- _Work request_:
For this exercise, retype the lines from the one that holds "Pesci fantasma ornati" through the one that holds "Planner mensile 3" in the records below, both included, exactly and without pictures.

- _Task data_:
⟨

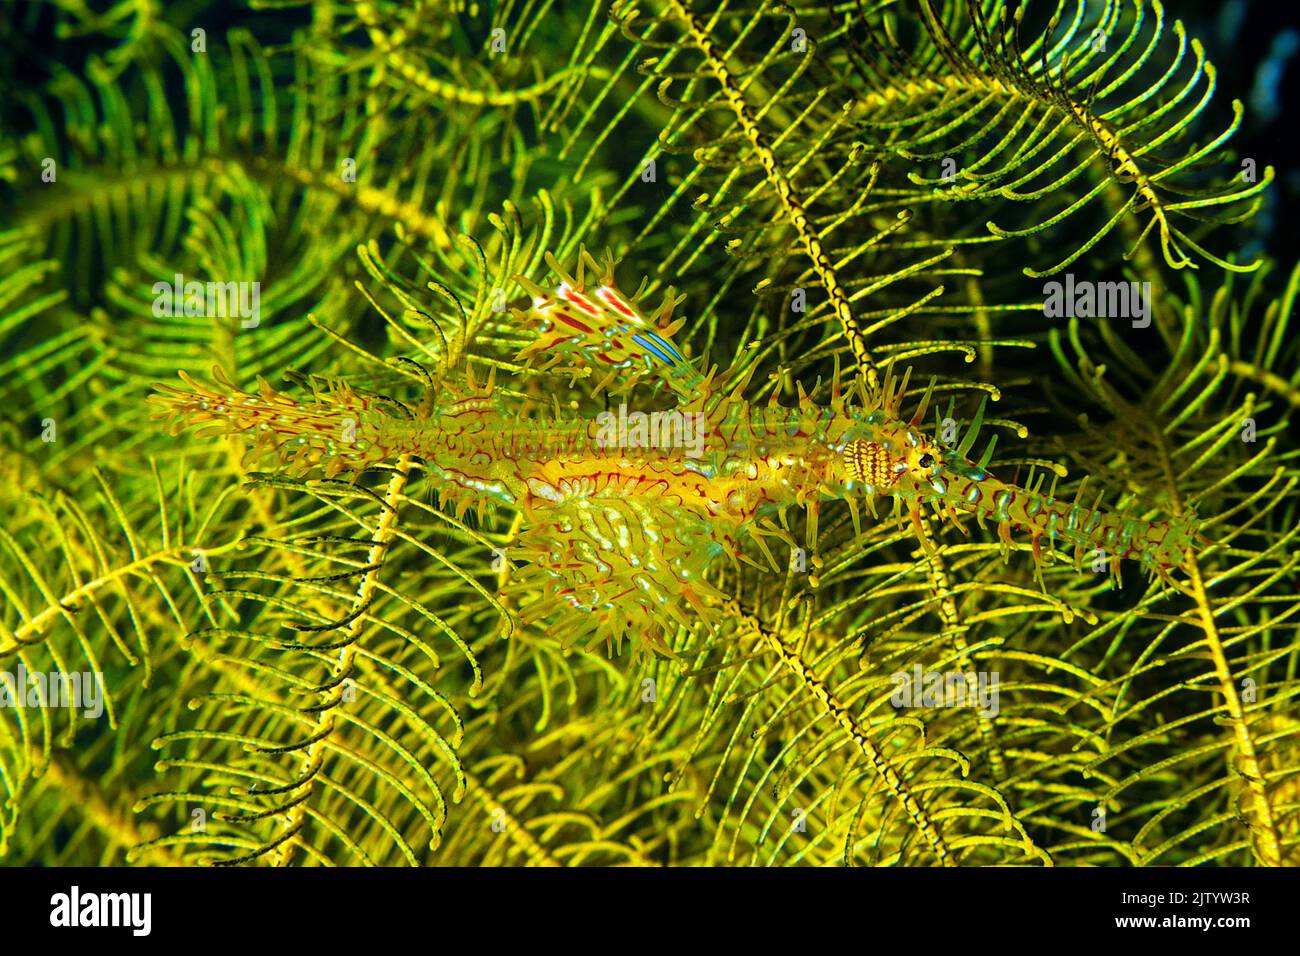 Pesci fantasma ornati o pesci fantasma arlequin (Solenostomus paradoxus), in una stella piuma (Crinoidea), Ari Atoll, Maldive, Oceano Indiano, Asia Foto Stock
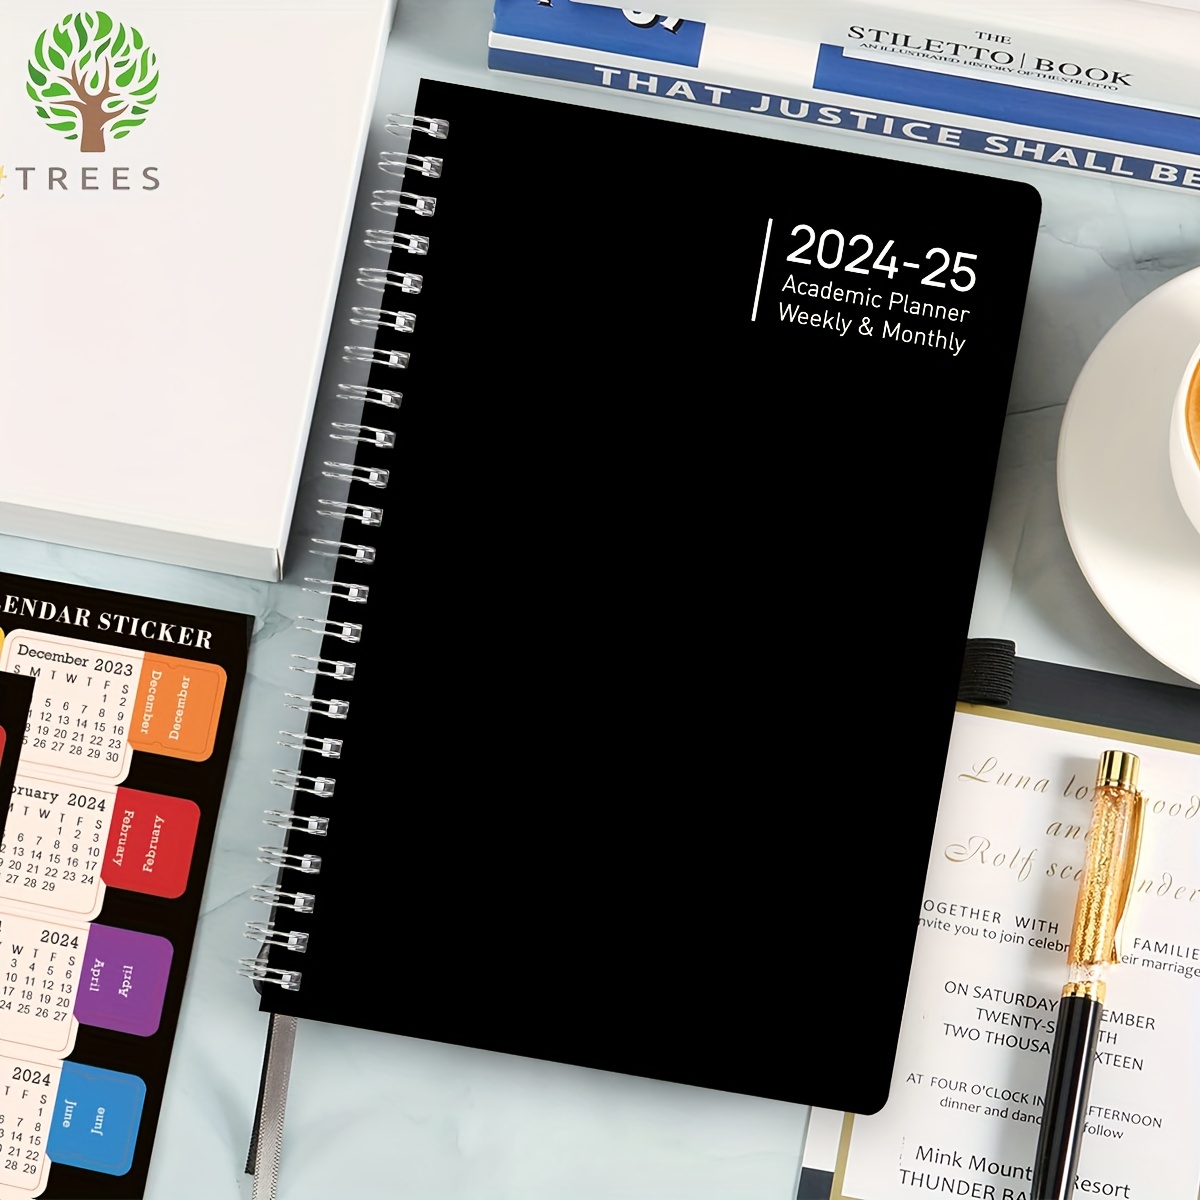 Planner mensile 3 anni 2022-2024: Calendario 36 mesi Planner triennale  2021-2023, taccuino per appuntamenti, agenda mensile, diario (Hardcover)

⟩
⟨

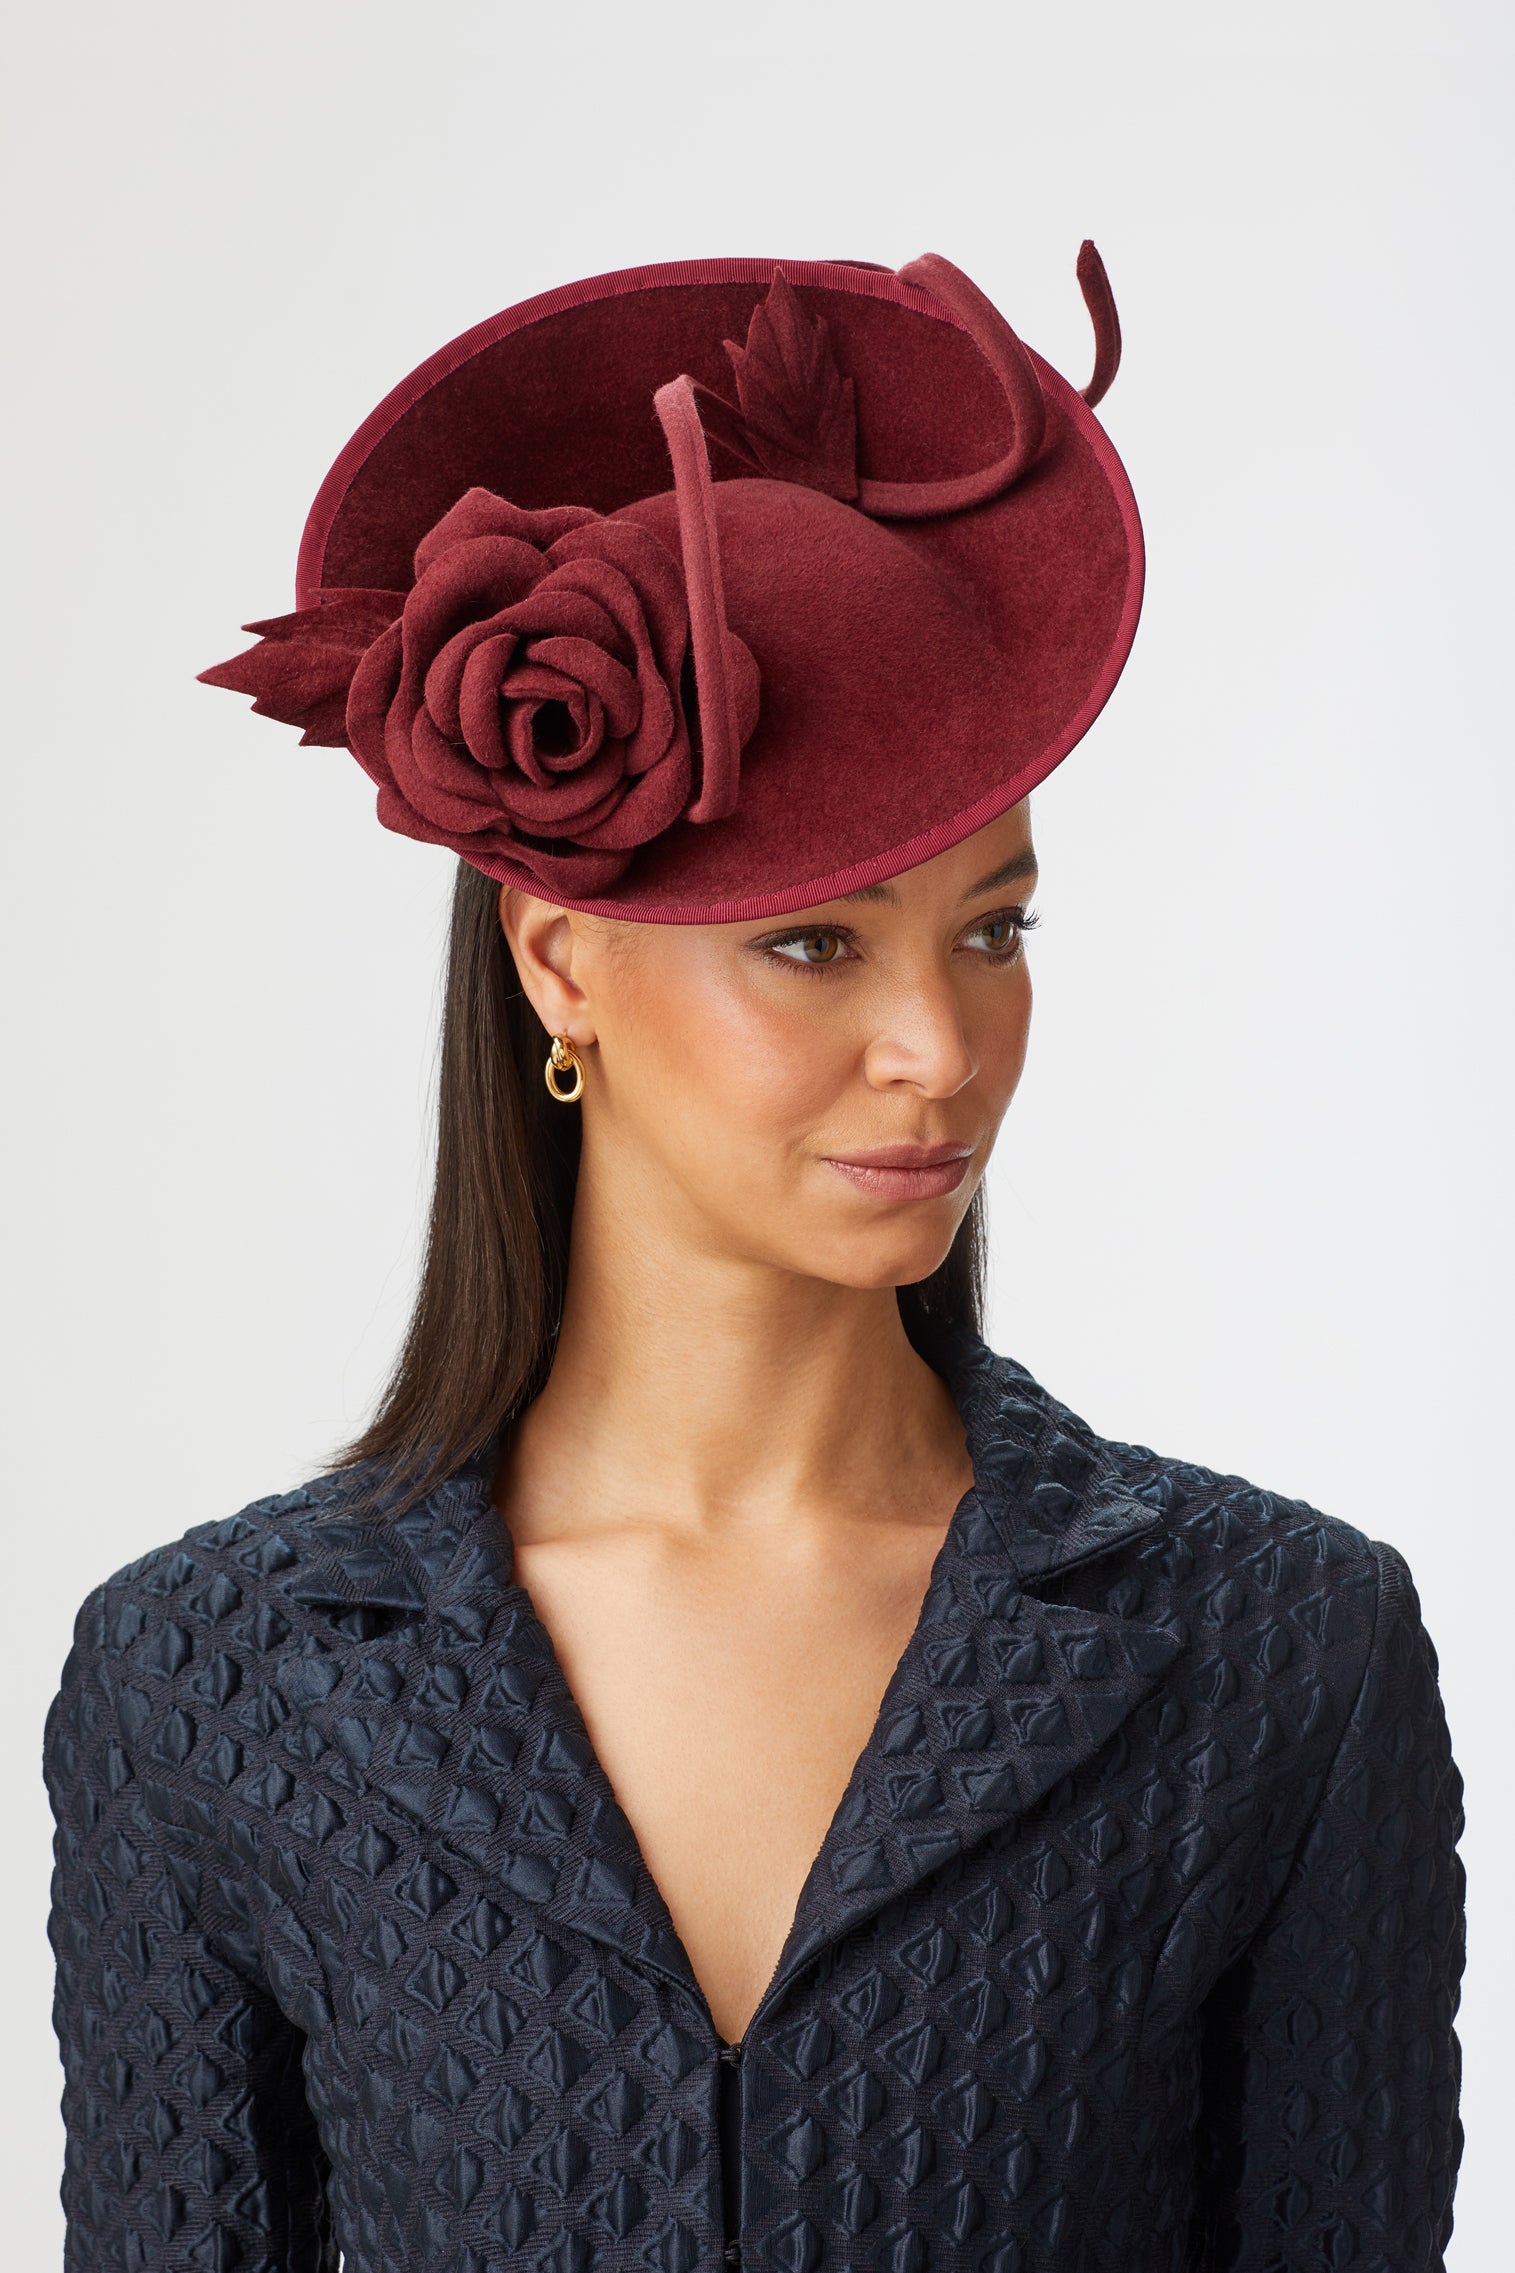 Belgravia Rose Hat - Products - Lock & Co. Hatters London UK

⟩

- _Response for this exercise_:
 Pesci fantasma ornati o pesci fantasma arlequin (Solenostomus paradoxus), in una stella piuma (Crinoidea), Ari Atoll, Maldive, Oceano Indiano, Asia Foto Stock
 Planner mensile 3 anni 2022-2024: Calendario 36 mesi Planner triennale  2021-2023, taccuino per appuntamenti, agenda mensile, diario (Hardcover)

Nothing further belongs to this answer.